Il neoliberismo capitalista e postcapitalista ci sta portando verso una società dove alcune famiglie detengono il possesso di tutto, beni e servizi. Privatizzare e accentrare. Così la forbice fra ricchi e poveri si allarga. Scompare la classe media tradizionale fatta di artigiani, commercianti, professionisti, imprenditori piccoli e medi e si forma una nuova classe media fatta di politici, giornalisti, gente dello spettacolo e dei media, lgbtq. La proletarizzazione dei ceti medi tradizionali è ormai un fatto certo che si aggiunge ai poveri tradizionali. Fra i nuovi poveri troviamo anche molti padri separati e divorziati.

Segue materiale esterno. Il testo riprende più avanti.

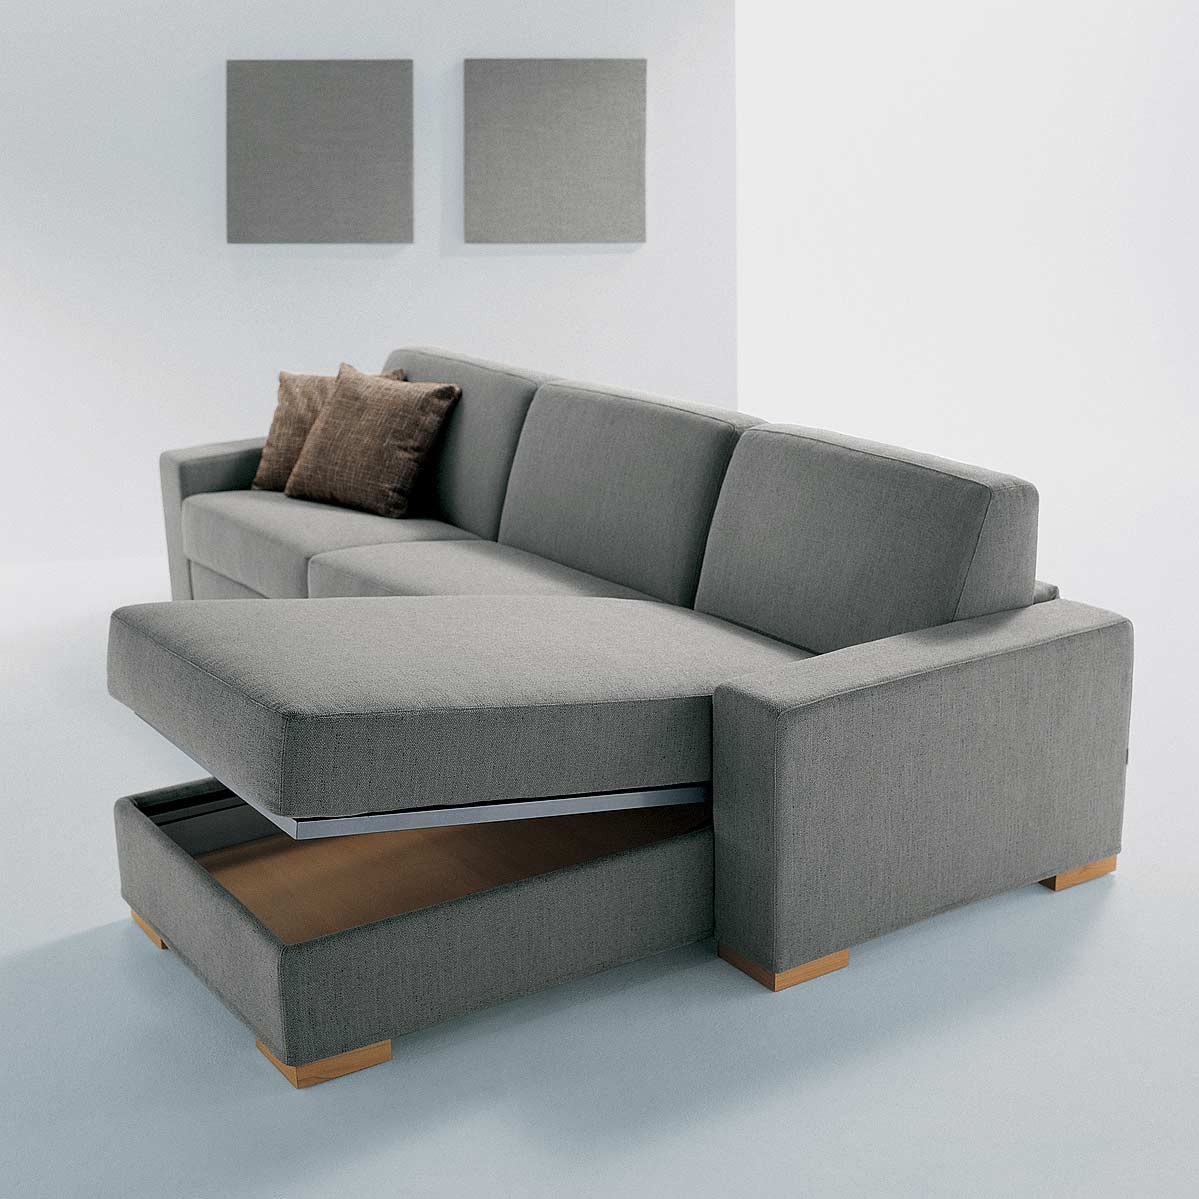 Modern-Minimalist-Sofa-Bed-with-Soft-Memory-Foam-Materials-in-Light-Grey-Color

E così la società del controllo totale va speditamente verso un’organizzazione disciplinare, ordinata, regolamentata, asettica, apatica. Procedure e regolamenti pensati da ristrette commissioni di esperti vengono calate dall’alto in tutti i settori. Sanità e scuola in primis, ma anche sicurezza(carceri e ospedali). E a noi sta di applicare questi regolamenti e queste procedure standardizzate.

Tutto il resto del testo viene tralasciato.